Анна пошла прочь походкою, точно она боялась замарать ноги и замараться о воздух.

– Ты понимаешь это, Андрей?.. – этот, эта… из-за него сколько товарищей пошли на каторгу и по ссылкам!..

– Почему ты этого не поручила мне?

На рассвете Анна и Андрей вышли из дома в сад. На землю садилась роса. Восторженно цвела сирень. На Анне было белое платье, как яблоневый цвет. Анна шла по дорожке к обрыву с раскинутыми руками, руки касались Яблоновых ветвей, на голову падала роса. Впереди за обрывом предупреждался рассвет.

И в этот же час, за несколько тысяч километров на восток от Камынска, в Сибири, солнце было уже высоко в небе. Всю ту ночь лил дождь и дул ветер. Рассвет открыл просторную и понурую реку, понурые горы со снегом в лощинах, холодное небо и замызганный дощаник у берега. Дикая река катила волны и льдины. На рассвете над рекою кричали дикие гуси. На дощанике, на корме и на носу, стояли, опершись на штыки, и стоя спали часовые. На дне лодки, вповалку, скорченные от холода и дождя, сидя и лежа, так же спали люди, мужчины и женщины. Каменный берег казался таким, по которому никогда не ступала человеческая нога. Пора была – то снег и дождь, то солнце, – весенняя пора на севере. Сейчас же за рассветом из щели над горизонтом, из-за свинцовых туч глянуло солнце.

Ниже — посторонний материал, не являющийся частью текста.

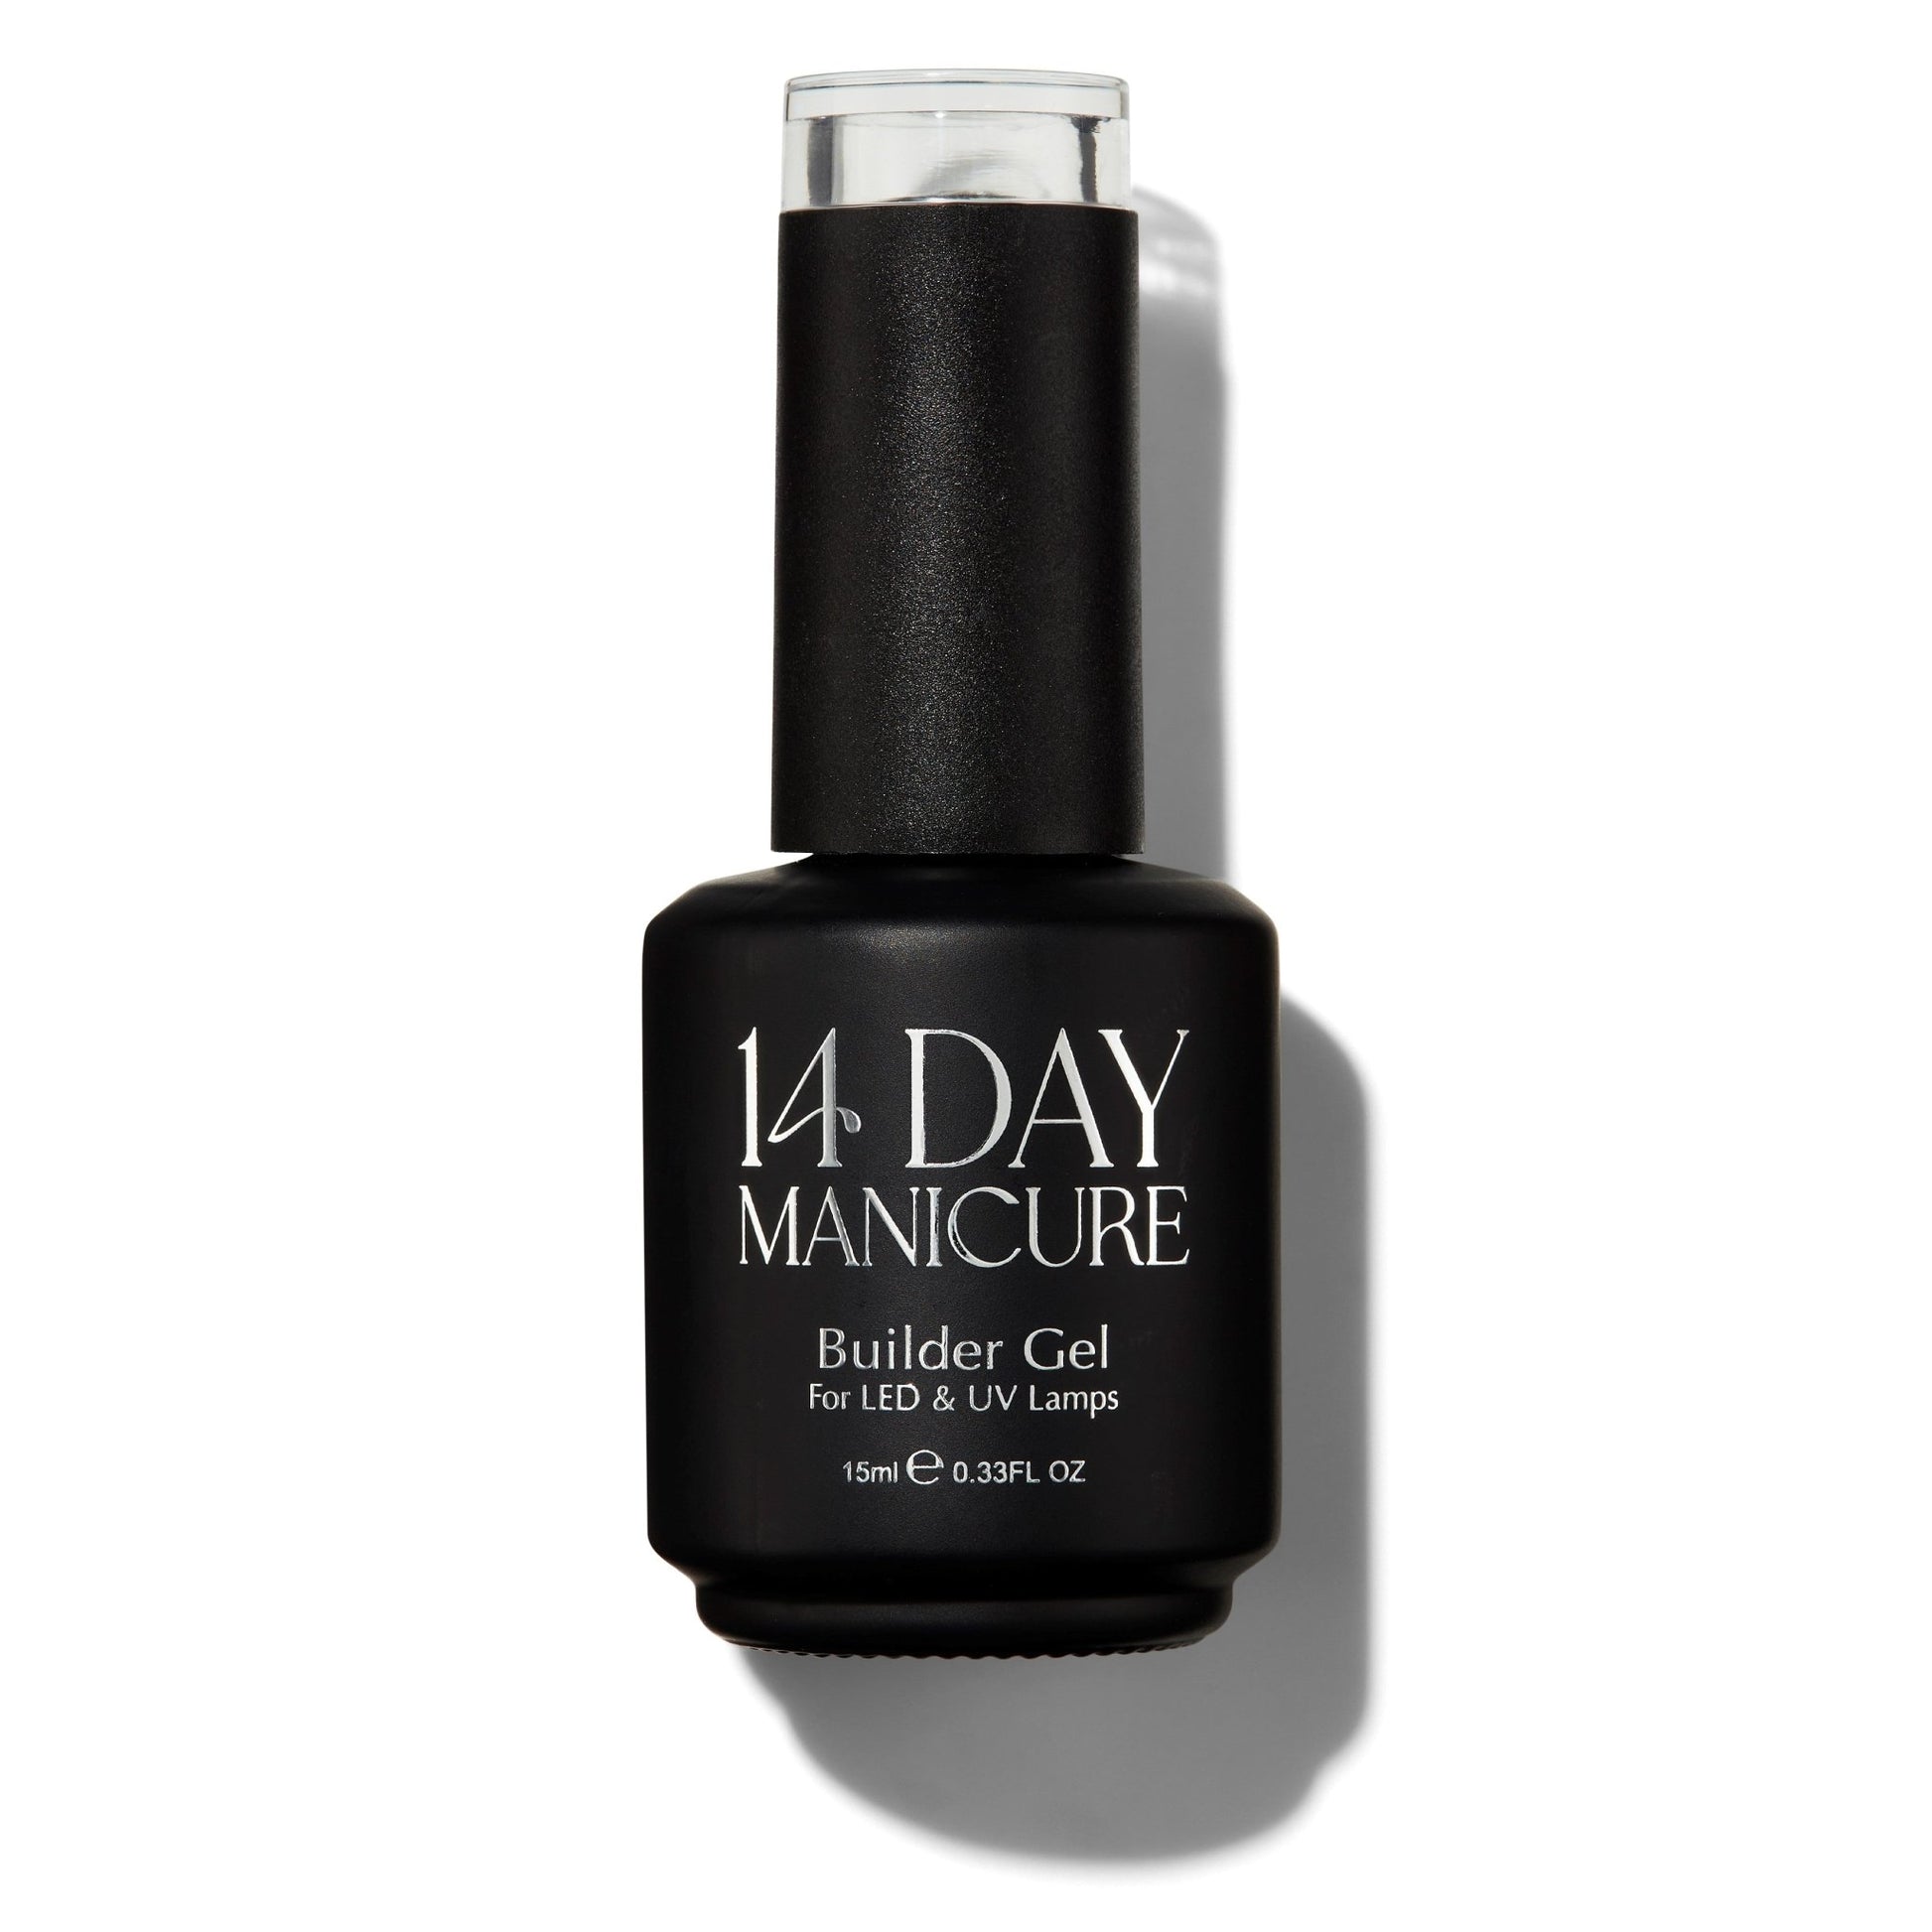 Don't Make Me Blush - Builder Gel Bottle 15ML - 14 Day Manicure - 3

Из-под досок на корме дощаника, укрывавших от дождя и ветра, вылез унтер-офицер, помочился в воду за борт, ткнул в бок часового, спавшего, опираясь на винтовку, вобрал в легкие воздух и крикнул что есть мочи:

– Подымаайсь!..

В горах откликнулось эхо.

– На перекличку! на молитвуу!..

Со дна лодки поднимались люди, сорок человек мужчин, семь женщин. Женщины стояли отдельно, – и они были особенно неприспособлены к этим местам, в шляпках, иные в городских туфлях, – во всем том, в чем взяты были в отчаянно-далекой «европейской» России. Все, не только женщины, но и мужчины, и мужчины-солдаты дрожали от сырого озноба.

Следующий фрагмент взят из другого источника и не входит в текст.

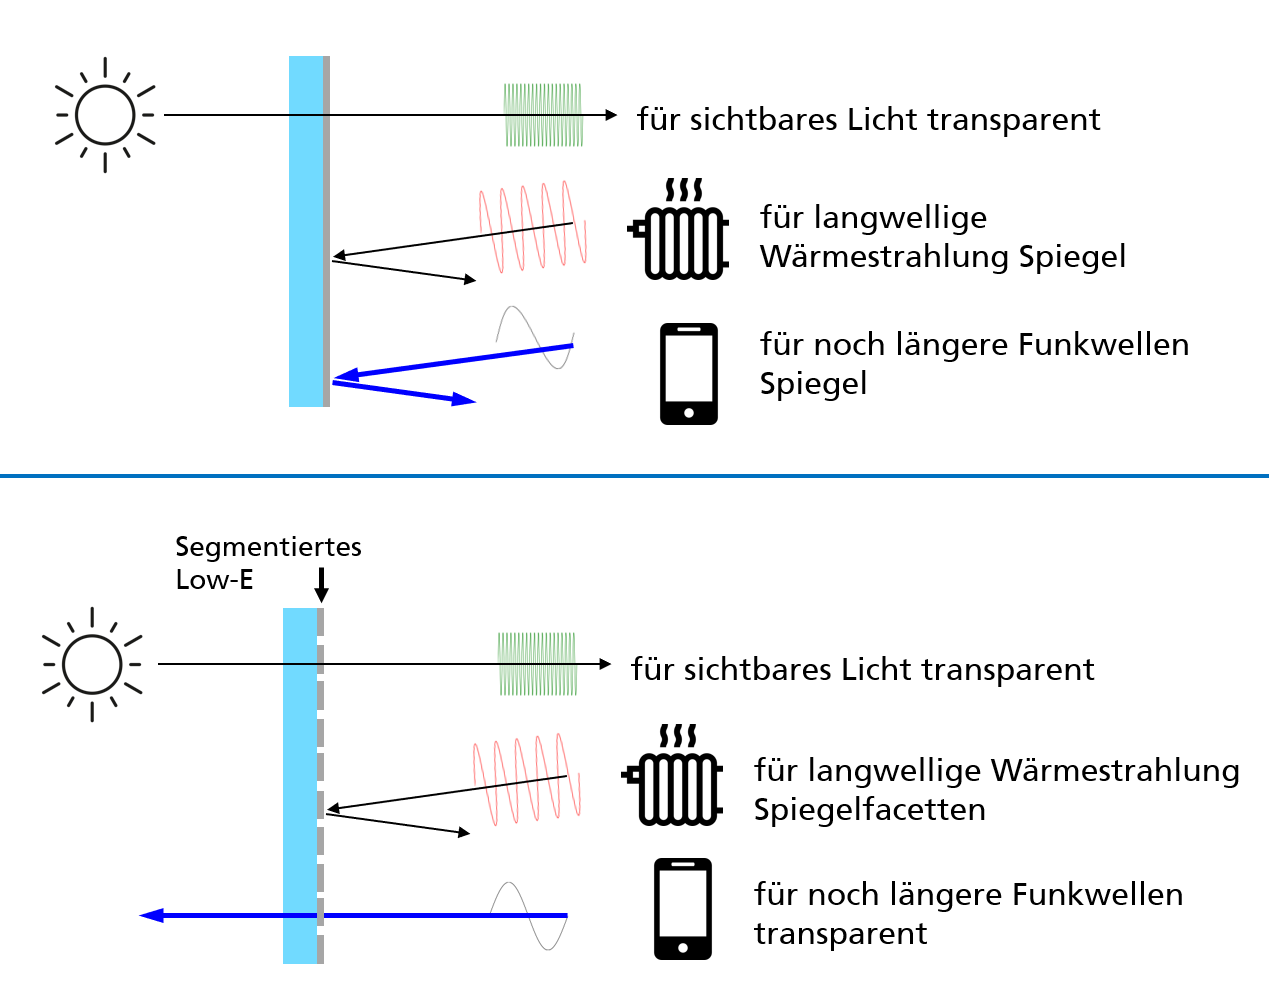 Durch Segmentierung kann die Low-E-Schicht für Funkwellen transparent gemacht werden.

Унтер расправил усы, поправил фуражку, одернул шинель, вынул из-за обшлага на рукаве мокрый и затрепанный лист бумаги, вобрал в легкие воздух, рявкнул:

– Аладьин!

– Есть.

– Воскобойников! Вульф!

– Здесь. Есть.

– Обухов!

– Есть.

– Широких!

– Здесь…

Унтер еще раз вобрал в легкие воздух, гаркнул, тряхнув эхо:

– На молитву!.. Смирнаа!..

На корме дощаника запели солдаты:

Отче наш, иже еси на небесах…

Ссыльные молчали. Солдаты пели:

Боже, царя храни, – сильный державный царь православный…

Ссыльные молчали.

Дикое солнце глядело на дощаник и на горы. Льдины на реке казались под солнцем красными. На берегу на камнях жгли костер, ели мокрый черный хлеб, грелись и сушились…

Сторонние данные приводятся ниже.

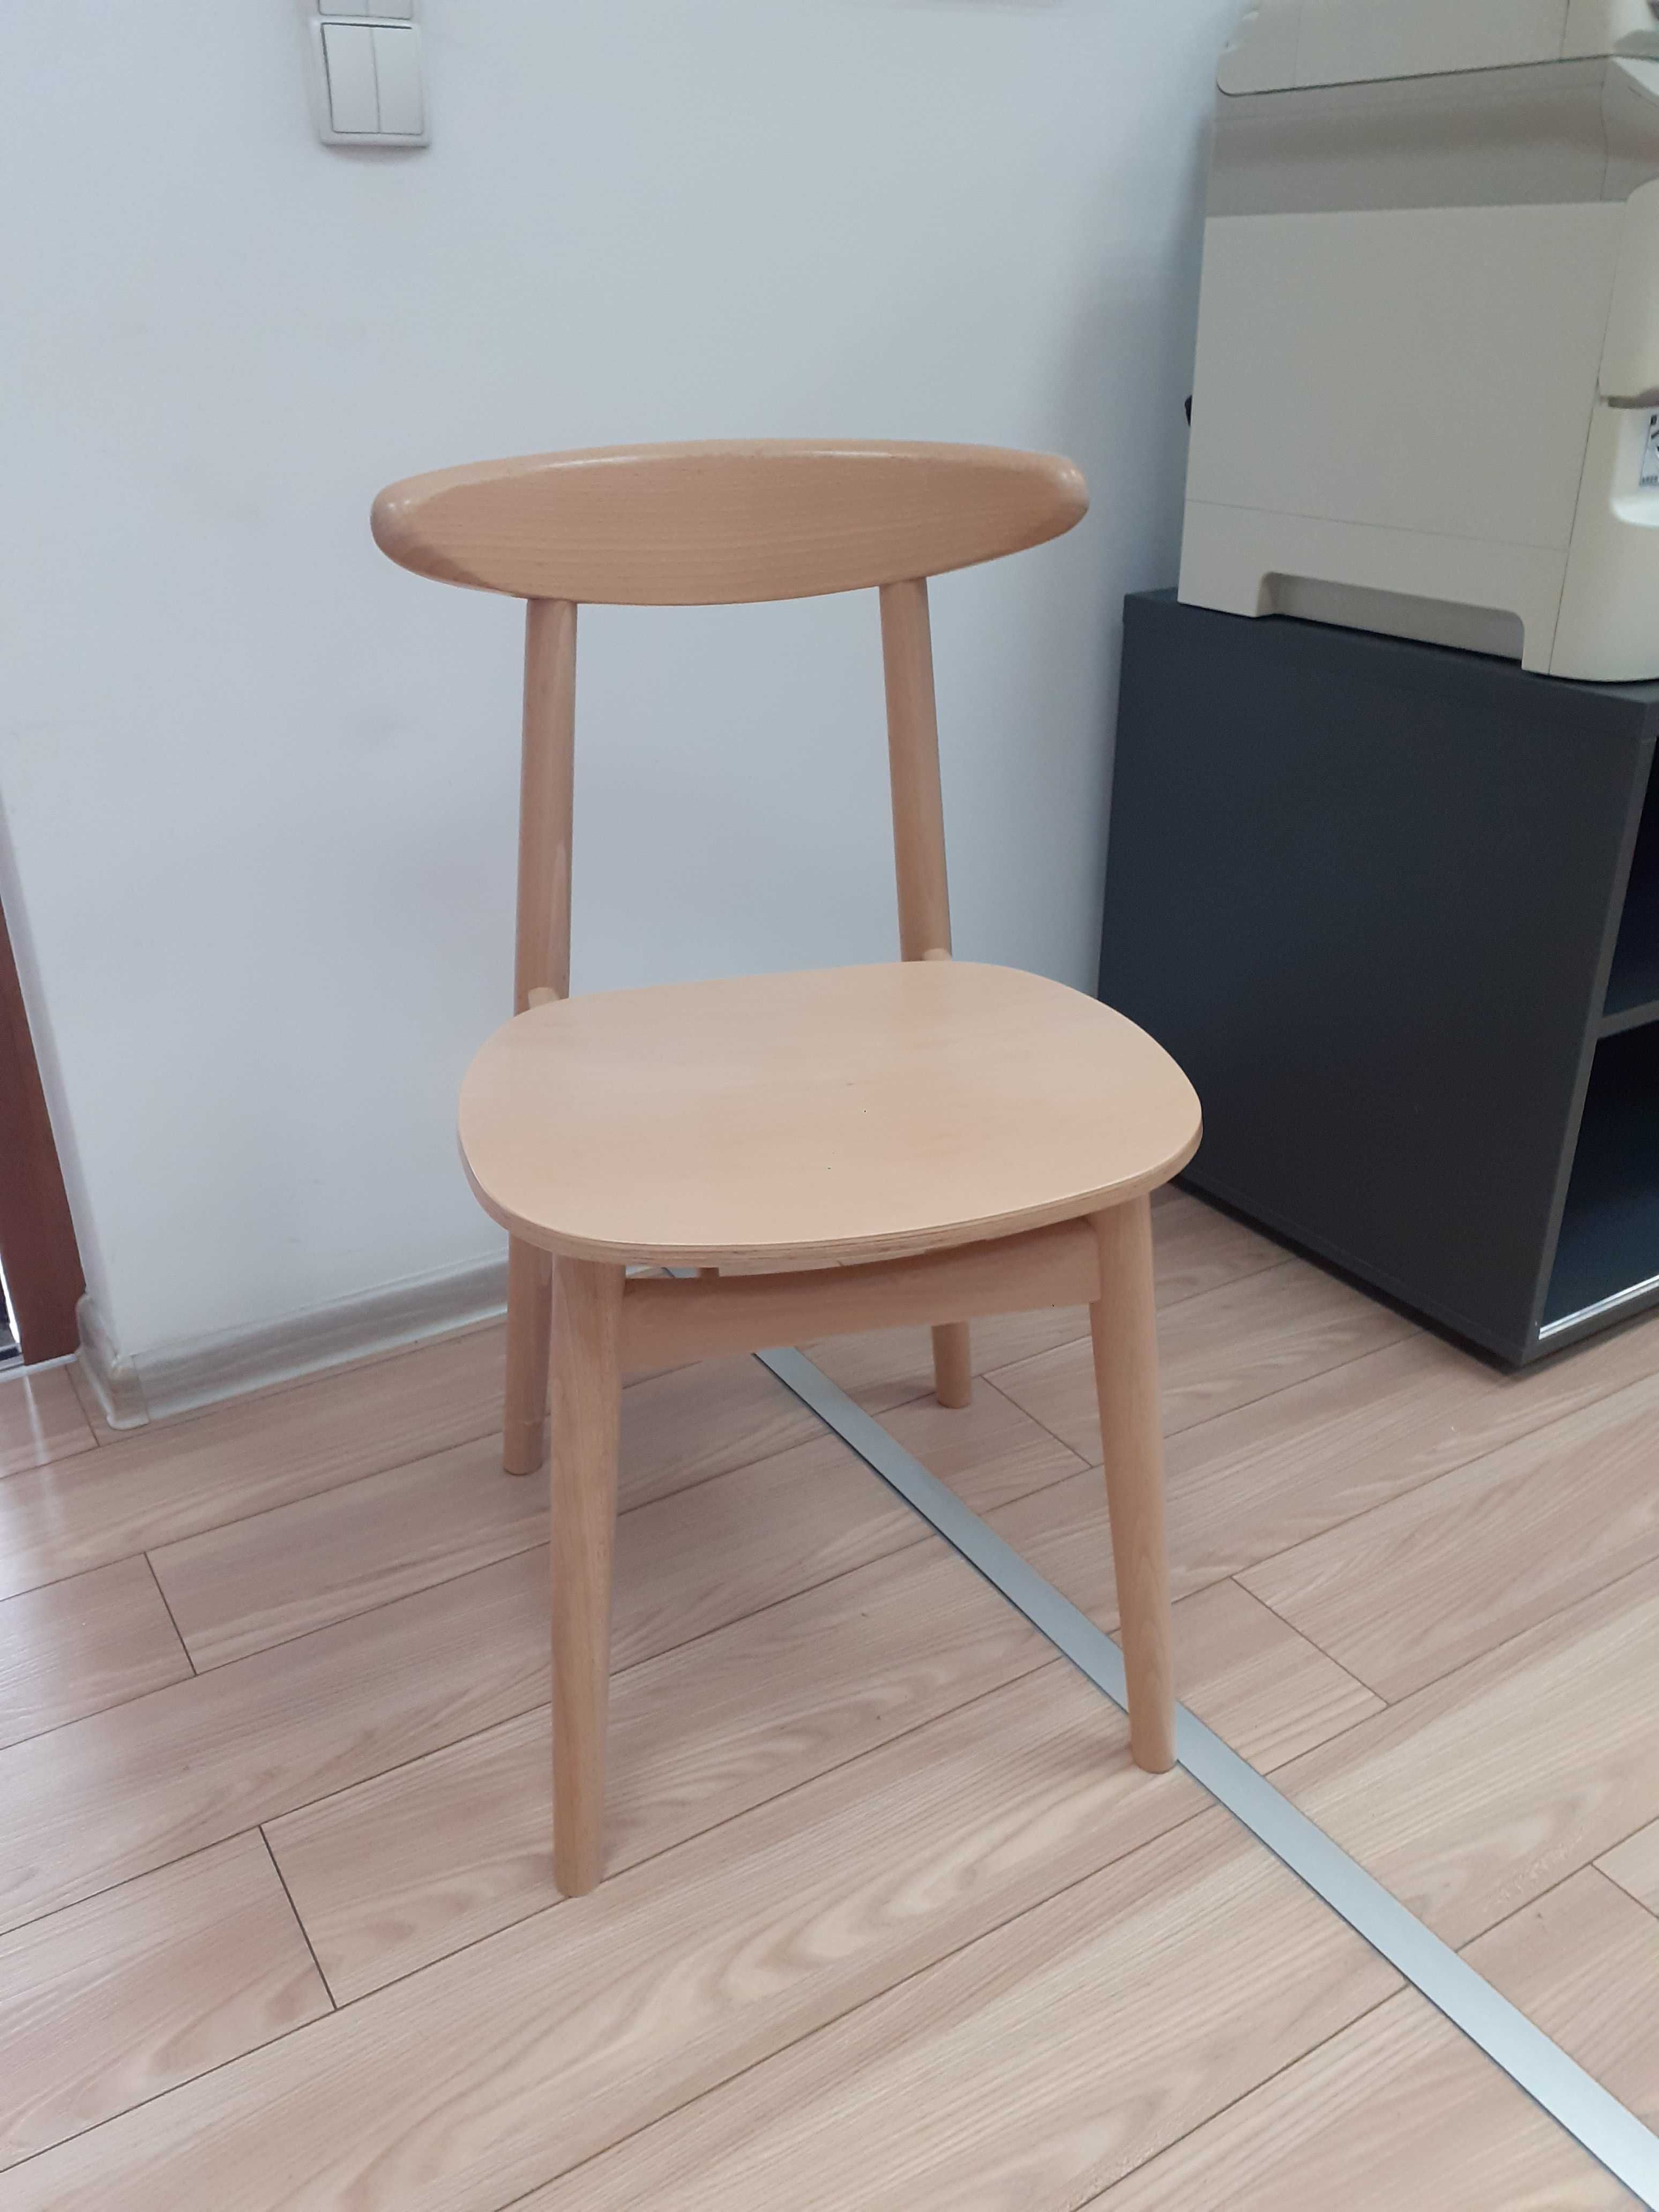 zz634 krzesło drewniane, kolor jasny dąb, masywne

Затем дощаник поплыл. Минусинск был уже позади. За одним веслом двое, сидели Климентий Обухов и Дмитрий Широких, рабочие Векшинского рудника, пошедшие в ссылку на Енисей по делам социал-демократической, большевистской партии.

Климентий весело греб – и он спросил весело Дмитрия:

– Как думаешь, эти места станут человеческими – через триста лет или через десять?

– Обязательно через десять! – так же весело ответил Дмитрий Широких.

– Ну, десять не десять, а лет через двадцать, двадцать пять, – во всяком случае под нашими руками и при нашей жизни, – здесь пройдут телеграф и электричество, здесь будут города и заводы, человеческая жизнь!.. – и будет человеческое веселье.